Lecture 12

Lecture 12, Tue 11/07

Quadratic Sorting Algorithms cont.

Recorded Lecture: 11_7_23

Selection Sort

Idea: Similar to Bubble Sort, we make passes through the list and find the largest element. We then swap the largest element in the correct place (each iteration will place the largest element at the end of the list assuming we’re sorting in ascending order)

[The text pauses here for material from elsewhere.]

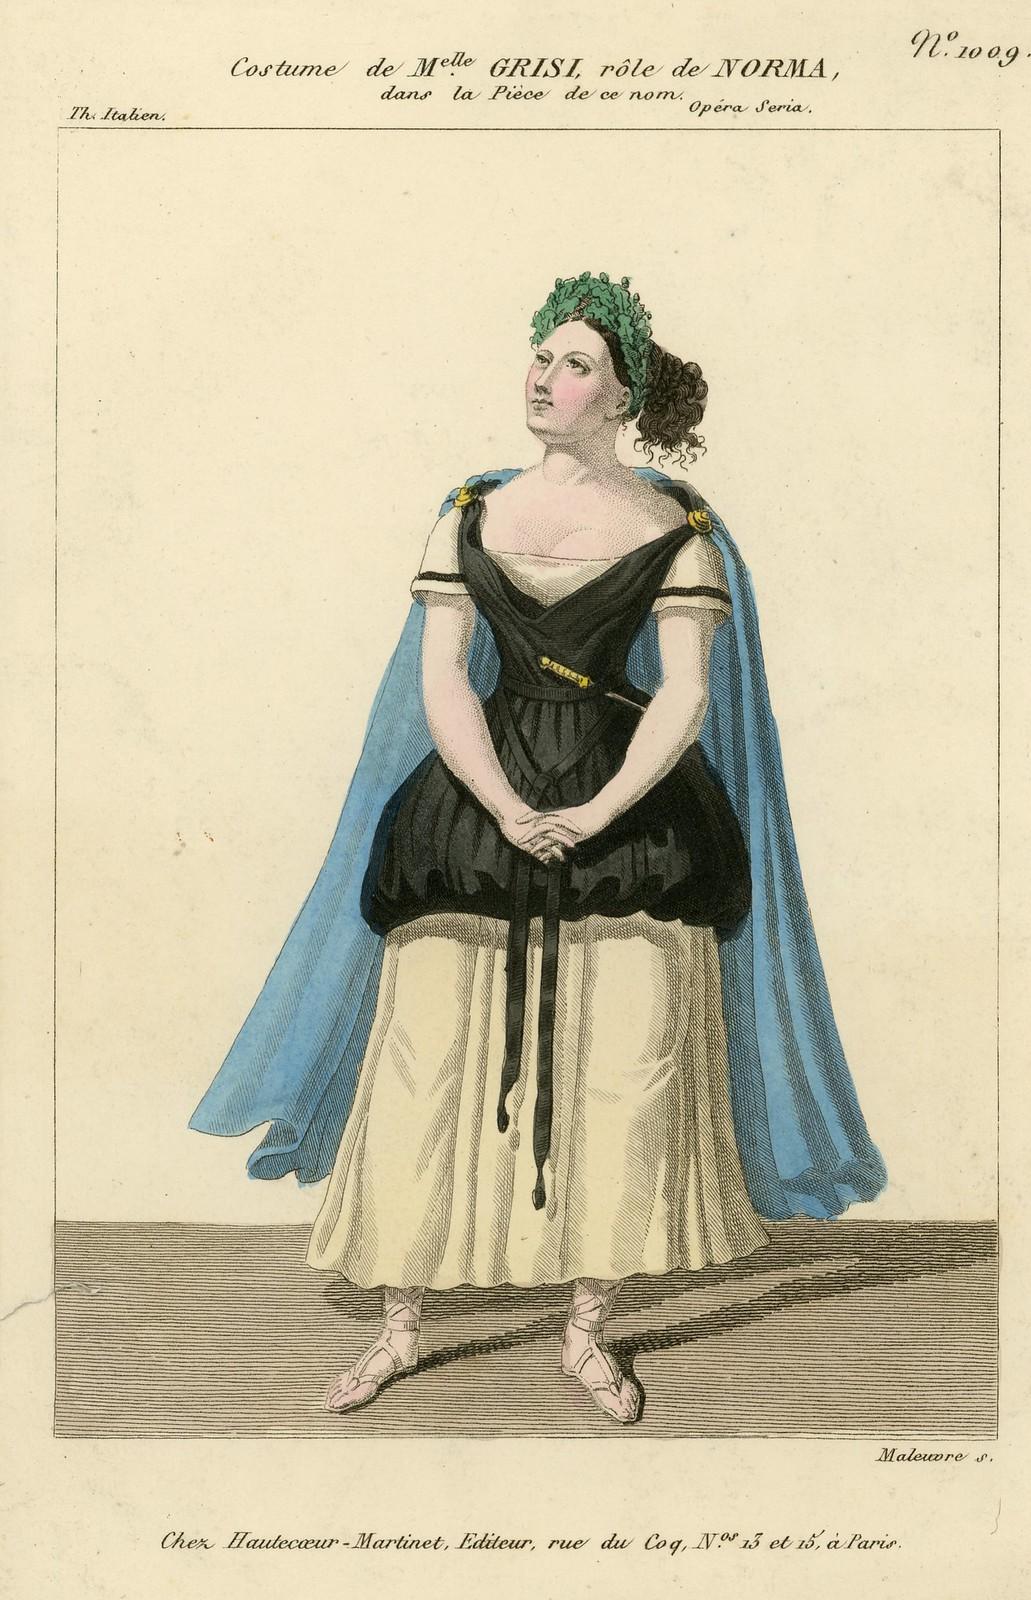 Costume de Melle. Grisi, rôle de Norma [Cropped]

It’s not necessary to swap adjacent elements in like Bubble Sort
Think of it as “selecting” the largest element and then placing it in the correct place

def selectionSort(aList):
	for fillslot in range(len(aList)-1,0,-1):
		positionOfMax=0
		for location in range(1,fillslot+1):
			if aList[location]>aList[positionOfMax]:
				positionOfMax = location

		# swap largest element in correct place
		temp = aList[fillslot]
		aList[fillslot] = aList[positionOfMax]
		aList[positionOfMax] = temp

def test_selectionSort():
	list1 = [1,2,3,4,5,6]
	list2 = [2,2,2,2,2,2]
	list3 = []
	list4 = [6,7,5,3,1]
	selectionSort(list1)
	assert list1 == [1,2,3,4,5,6]
	selectionSort(list2)
	assert list2 == [2,2,2,2,2,2]
	selectionSort(list3)
	assert list3 == []
	selectionSort(list4)
	assert list4 == [1,3,5,6,7]

Selection Sort Analysis

Similar to Bubble Sort, we have to make n-1 comparisons during the first iteration through the list
- Then n-2 comparisons during the 2nd iteration, etc.
If we count the number of comparisons in this algorithm, we have
- n-1 + n-2 + … + 2 + 1 = n(n+1)/2
- O(n²)
Note: we only do one swap operation per iteration unlike Bubble Sort

Insertion Sort

Idea: We want to work left-to-right and insert unsorted elements into the sorted left portion of the list

For example, the first element is sorted by default.
- Then we check the second element and determine if it goes before or after the first element
- Then we check the third element and determine if it goes before, in the middle, or after the first two (sorted) elements
- etc
Note that in order to make “room” for the inserted element, we have to shift the elements greater than the inserted element up by one

Analogy: Similar to how one might sort a deck of cards * Work left-to-right, take a card and “insert” it into the correct position on the left portion of the sorted deck

def insertionSort(aList):
	for index in range(1,len(aList)):

		currentvalue = aList[index]
		position = index

		# shift elements over by one
		while position > 0 and aList[position-1] > currentvalue:
			aList[position] = aList[position-1]
			position = position-1

		# insert element in appropriate place
		aList[position] = currentvalue

def test_insertionSort():
	list1 = [1,2,3,4,5,6]
	list2 = [2,2,2,2,2,2]
	list3 = []
	list4 = [6,7,5,3,1]
	insertionSort(list1)
	assert list1 == [1,2,3,4,5,6]
	insertionSort(list2)
	assert list2 == [2,2,2,2,2,2]
	insertionSort(list3)
	assert list3 == []
	insertionSort(list4)
	assert list4 == [1,3,5,6,7]

Insertion Sort Analysis

When we check where to insert an element, we do up to 1 swap on the first iteration in order to make room for the element to be inserted in the sorted left portion of the list
- Then we do up to two swaps on the second iteration
- Then up to three swaps on the third iteration, etc.
- So we get: 1 + 2 + … + n-2 + n-1 swaps
- O(n²)
Let’s also look at the BEST case scenario (the list is already sorted)
- Here, we still go through n elements, but no swaps occur because each position is in the correct place
- So in the best case scenario, we have O(n)